Concepedia

TLDR

People convey emotional states through facial and vocal cues. The study introduces a dataset to investigate multimodal emotion expression and perception and to support further research. The dataset contains 7,442 clips from 91 diverse actors, with audio, visual, and audio‑visual ratings of basic emotions collected from 2,443 crowd‑source raters. Recognition accuracy is highest for neutral (63.6% audio‑visual), visual cues outperform audio alone, and disgust and fear require audio‑visual integration while anger and happiness can be identified from a single modality.

Abstract

People convey their emotional state in their face and voice. We present an audio-visual data set uniquely suited for the study of multi-modal emotion expression and perception. The data set consists of facial and vocal emotional expressions in sentences spoken in a range of basic emotional states (happy, sad, anger, fear, disgust, and neutral). 7,442 clips of 91 actors with diverse ethnic backgrounds were rated by multiple raters in three modalities: audio, visual, and audio-visual.

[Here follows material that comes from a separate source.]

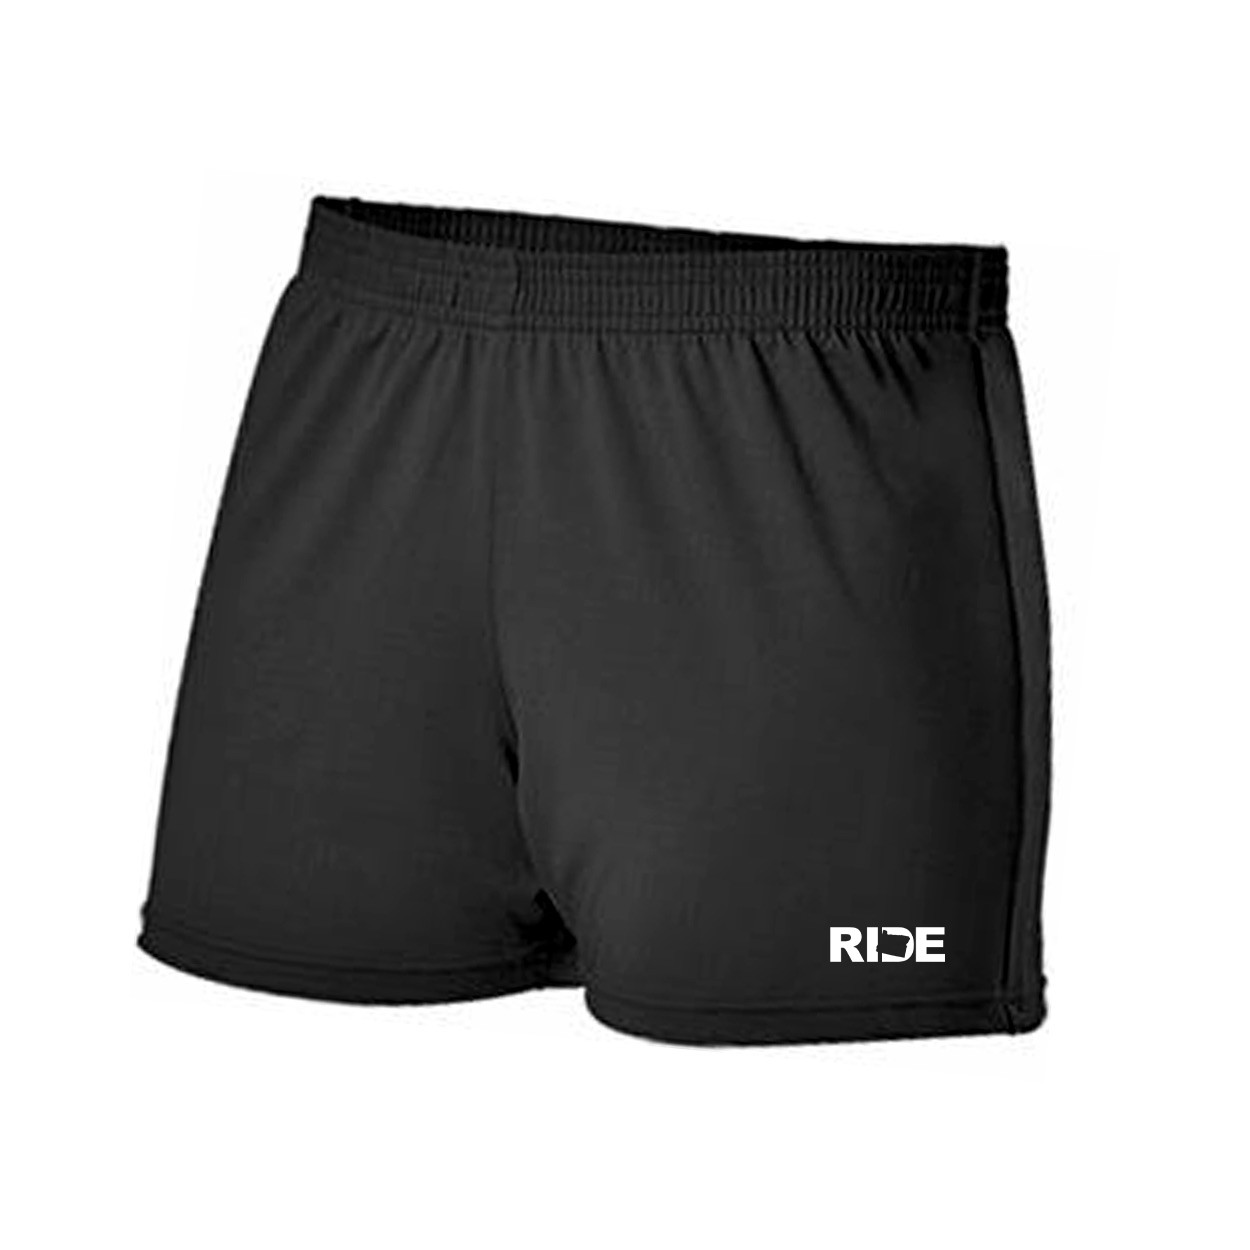 Ride Oregon Classic Women's Cheer Shorts Black (White Logo)

Categorical emotion labels and real-value intensity values for the perceived emotion were collected using crowd-sourcing from 2,443 raters. The human recognition of intended emotion for the audio-only, visual-only, and audio-visual data are 40.9%, 58.2% and 63.6% respectively. Recognition rates are highest for neutral, followed by happy, anger, disgust, fear, and sad. Average intensity levels of emotion are rated highest for visual-only perception. The accurate recognition of disgust and fear requires simultaneous audio-visual cues, while anger and happiness can be well recognized based on evidence from a single modality. The large dataset we introduce can be used to probe other questions concerning the audio-visual perception of emotion.